Она спаслась, она выздоровела и более не заболеет. В Бель-Ривьер Сара не полетела ни на репетиции, ни на премьеру, пообещав наведаться ближе к концу, когда Генри наверняка уже исчезнет. Жан-Пьер предположил, что она не хочет появляться во Франции из-за смерти Стивена. Может, он и прав, какая разница.
До Жюли, до того, как ее вывернуло наизнанку, она полагала, что страна любви далека от ее упорядоченного и уравновешенного бытия, что ее, Сару, можно уподобить кому-то, стоящему перед прочными железными воротами, за которыми болтается взад-вперед глупый безобидный пес. Но теперь она поняла, что ворота эти оказались дырявыми и ветхими, залатанными на скорую руку планками да фанерками, а за ними — громадный пес-убийца величиной с теленка. И намордник на нем лишь для вида, смахнет он этот намордник одним движением лапы. Или не намордник даже вовсе, а маска, театральная маска, меняющая выражение с улыбки на гримасу скорби. И обратно.

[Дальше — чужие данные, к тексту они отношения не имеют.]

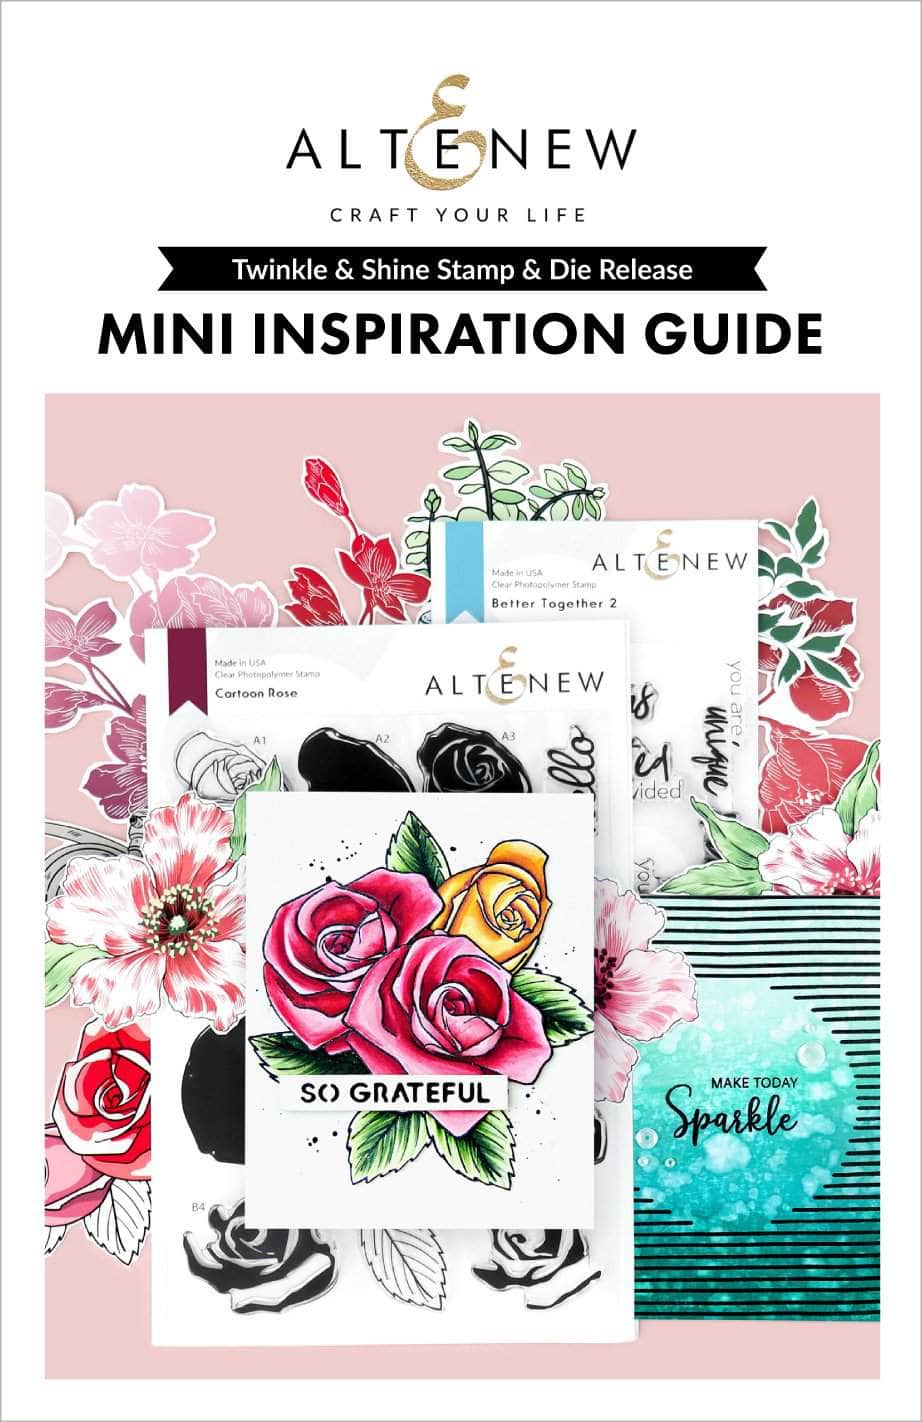 Printed Media Twinkle & Shine Stamp & Die Release Mini Inspiration Guide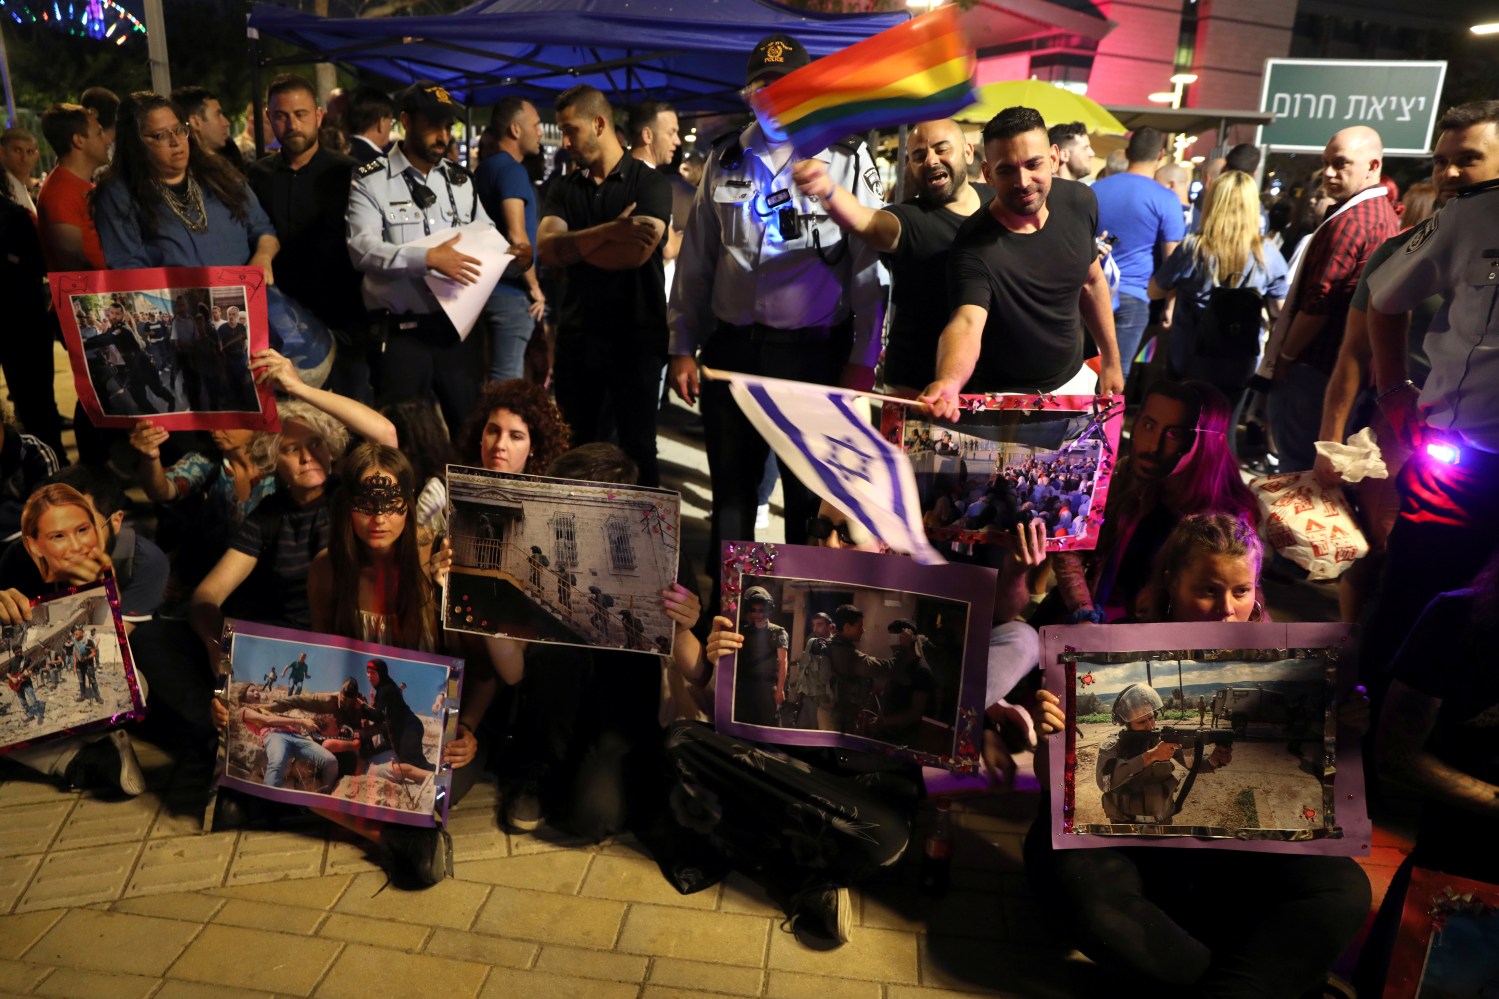 Supporters of the 'BDS' movement protest outside the venue where the 2019 Eurovision song contest final is about to take place in Tel Aviv, Israel May 18, 2019. REUTERS/Ammar Awad

Середина августа, вот уже несколько недель, как Сара полностью избавилась от своих печалей. Как она и полагала, интенсивность боли для нее теперь непредставима. Природе (или кто там за нее?) не нужно, чтобы ее дети помнили свою боль, это не соответствует ее целям, каковы бы они ни были. Сара наслаждается маленькими радостями, ничтожными физическими удовольствиями, вроде ощущения дерева пола босою подошвой, согревающего воздействия солнечных лучей на кожу, аромата кофе, запаха свежевскопанной земли, слабого запаха инея на камне. Она снова стала женщиной, которая не плачет, хотя популярная идея целительного очищающего, оздоровляющего плача, разумеется, время от времени посещает ее голову. Забыла она, как плачут. Проявление эмоций окружающими Сара расценивает как признаки их незрелости. Услыхав о чьей-то в кого-то влюбленности она непроизвольно поймала себя на легкой презрительной усмешке. Неужто она ничему не научилась? Сара внимательно наблюдала за отступающей, теряющей силу печалью, не ослабляла бдительности, понимая, что зверь это опасный: как бы он вдруг на нее опять исподтишка не набросился. А ведь может, может такое случиться, видела она лица стариков и старух, их скорбные глаза. Не надо ей такого, нельзя терять бдительности перед этим чудовищем, недавно глодавшим ее сердце.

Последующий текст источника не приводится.